A better analysis would compare the average delay of a carrier’s flights to the average delay of all other carrier’s flights within a route.
flights %>%
filter(!is.na(arr_delay)) %>%
# Total delay by carrier within each origin, dest
group_by(origin, dest, carrier) %>%
summarise(
arr_delay = sum(arr_delay),
flights = n()
) %>%
# Total delay within each origin dest
group_by(origin, dest) %>%
mutate(
arr_delay_total = sum(arr_delay),
flights_total = sum(flights)
) %>%
# average delay of each carrier - average delay of other carriers
ungroup() %>%
mutate(
arr_delay_others = (arr_delay_total - arr_delay) /
(flights_total - flights),
arr_delay_mean = arr_delay / flights,
arr_delay_diff = arr_delay_mean - arr_delay_others
) %>%
# remove NaN values (when there is only one carrier)

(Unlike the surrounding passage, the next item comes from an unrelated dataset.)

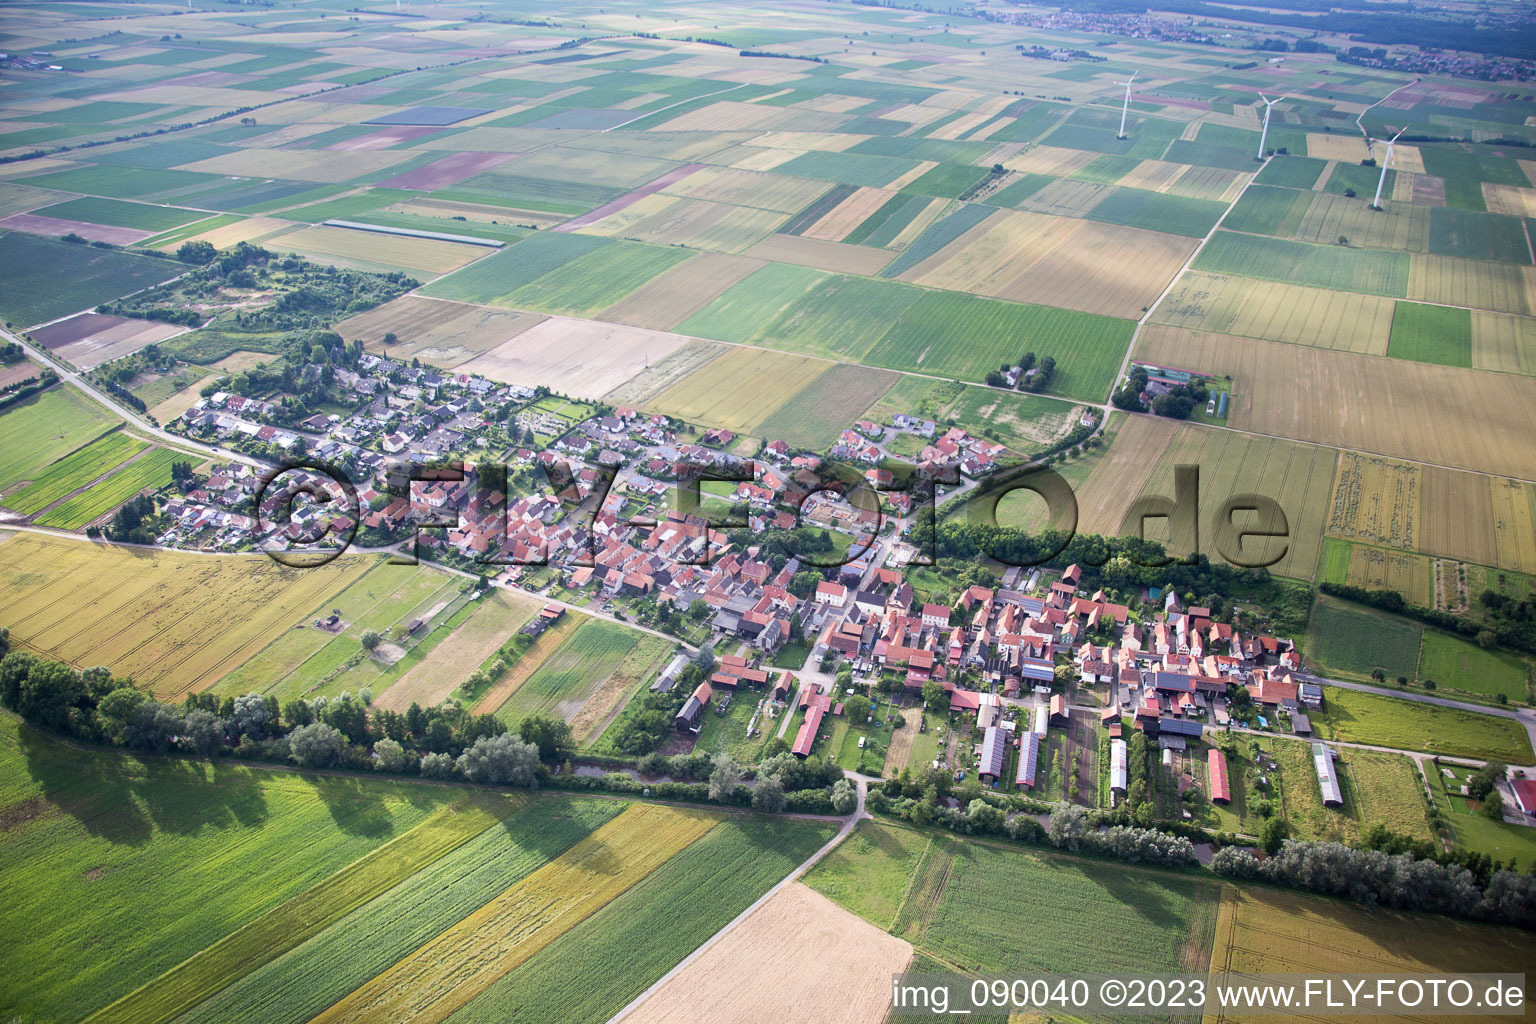 Herxheimweyher in the state Rhineland-Palatinate, Germany from the plane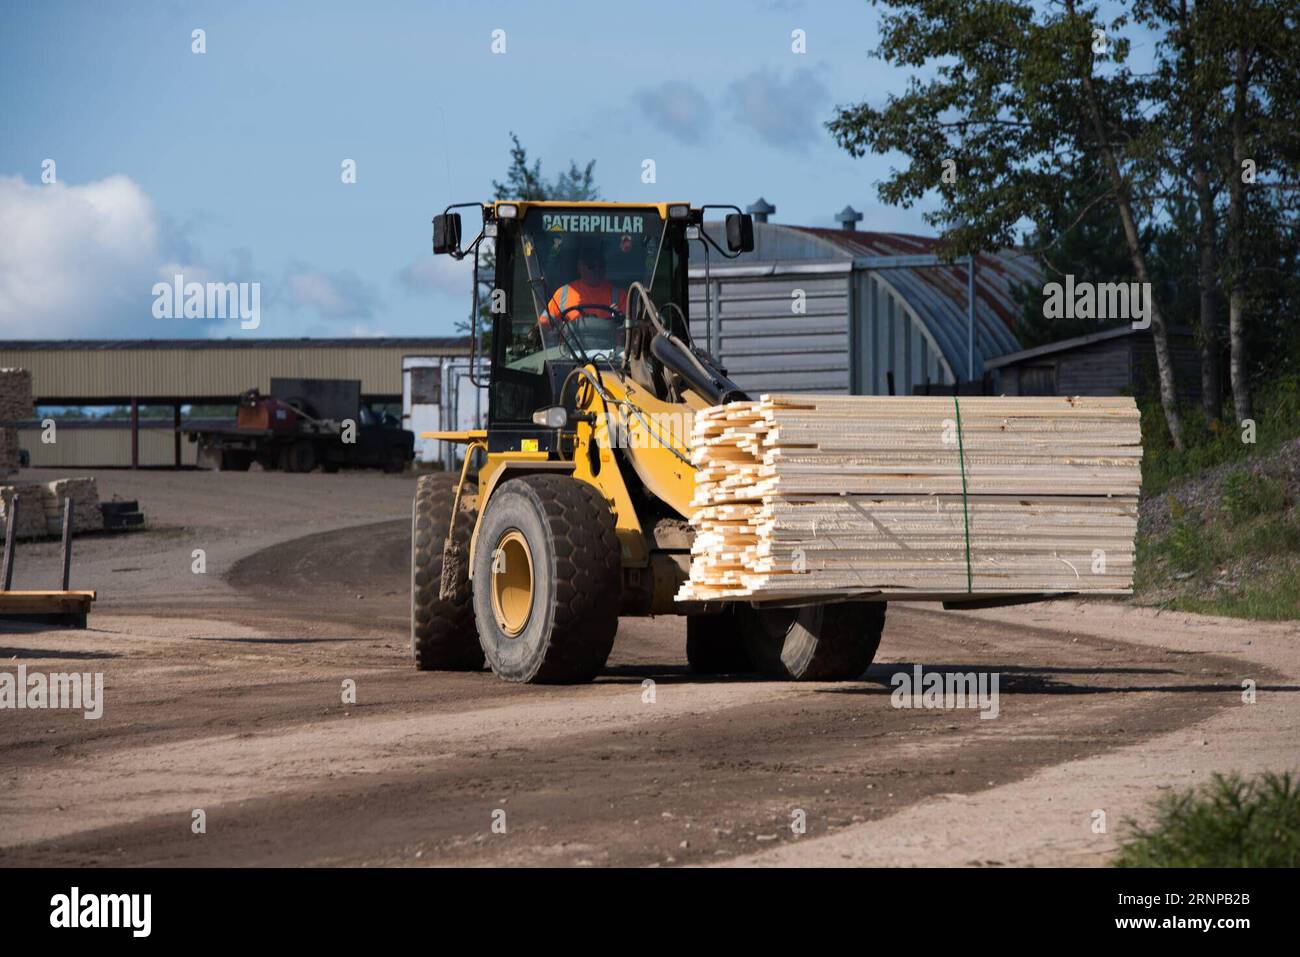 (170819) -- TORONTO (CANADA), le 19 août 2017 -- les planches à sécher sont transportées chez un fabricant de bois de la Murray Brothers Lumber Company, en Ontario, au Canada, le 16 août 2017. Les États-Unis ont ouvert mercredi la renégociation de l’Accord de libre-échange nord-américain (ALENA), vieux de 23 ans, avec une déclaration selon laquelle ils veulent des changements majeurs à l’accord qui modifient la balance commerciale. Toutefois, les propriétaires d’entreprises canadiennes espèrent que les négociateurs américains seront réceptifs au maintien, sinon à l’amélioration, de la circulation actuelle des marchandises et des travailleurs à la frontière. Les querelles sur le bois d'oeuvre résineux ont été un recul Banque D'Images

filter(is.finite(arr_delay_diff)) %>%
# average over all airports it flies to
group_by(carrier) %>%
summarise(arr_delay_diff = mean(arr_delay_diff)) %>%
arrange(desc(arr_delay_diff))
## # A tibble: 15 x 2
## carrier arr_delay_diff
## <chr> <dbl>
## 1 OO 27.3
## 2 F9 17.3
## 3 EV 11.0
## 4 B6 6.41
## 5 FL 2.57
## 6 VX -0.202
## 7 AA -0.970
## 8 WN -1.27
## 9 UA -1.86
## 10 MQ -2.48
## 11 YV -2.81
## 12 9E -3.54
## 13 US -4.14
## 14 DL -10.2
## 15 AS -15.8
The sort argument to count() sorts the results in order of n. I can use this anytime I would run count() followed by arrange().
Grouping is most useful in conjunction with summarise(), but you can also do convenient operations with mutate() and filter():
Find the worst members of each group:
flights_sml %>%
group_by(year, month, day) %>%
filter(rank(desc(arr_delay)) < 10)
## # A tibble: 3,306 x 7
## # Groups: year, month, day [365]
## year month day dep_delay arr_delay distance air_time
## <int> <int> <int> <dbl> <dbl> <dbl> <dbl>
## 1 2013 1 1 853 851 184 41
## 2 2013 1 1 290 338 1134 213
## 3 2013 1 1 260 263 266 46
## 4 2013 1 1 157 174 213 60
## 5 2013 1 1 216 222 708 121
## 6 2013 1 1 255 250 589 115
## 7 2013 1 1 285 246 1085 146
## 8 2013 1 1 192 191 199 44
## 9 2013 1 1 379 456 1092 222
## 10 2013 1 2 224 207 550 94
## # … with 3,296 more rows
Find all groups bigger than a threshold:
popular_dests <- flights %>%
group_by(dest) %>%
filter(n() > 365)
popular_dests
## # A tibble: 332,577 x 19
## # Groups: dest [77]
## year month day dep_time sched_dep_time dep_delay arr_time sched_arr_time
## <int> <int> <int> <int> <int> <dbl> <int> <int>
## 1 2013 1 1 517 515 2 830 819
## 2 2013 1 1 533 529 4 850 830
## 3 2013 1 1 542 540 2 923 850
## 4 2013 1 1 544 545 -1 1004 1022
## 5 2013 1 1 554 600 -6 812 837
## 6 2013 1 1 554 558 -4 740 728
## 7 2013 1 1 555 600 -5 913 854
## 8 2013 1 1 557 600 -3 709 723
## 9 2013 1 1 557 600 -3 838 846
## 10 2013 1 1 558 600 -2 753 745
## # … with 332,567 more rows, and 11 more variables: arr_delay <dbl>,
## # carrier <chr>, flight <int>, tailnum <chr>, origin <chr>, dest <chr>,
## # air_time <dbl>, distance <dbl>, hour <dbl>, minute <dbl>, time_hour <dttm>
Standardize to compute per group metrics:
popular_dests %>%
filter(arr_delay > 0) %>%
mutate(prop_delay = arr_delay / sum(arr_delay)) %>%
select(year:day, dest, arr_delay, prop_delay)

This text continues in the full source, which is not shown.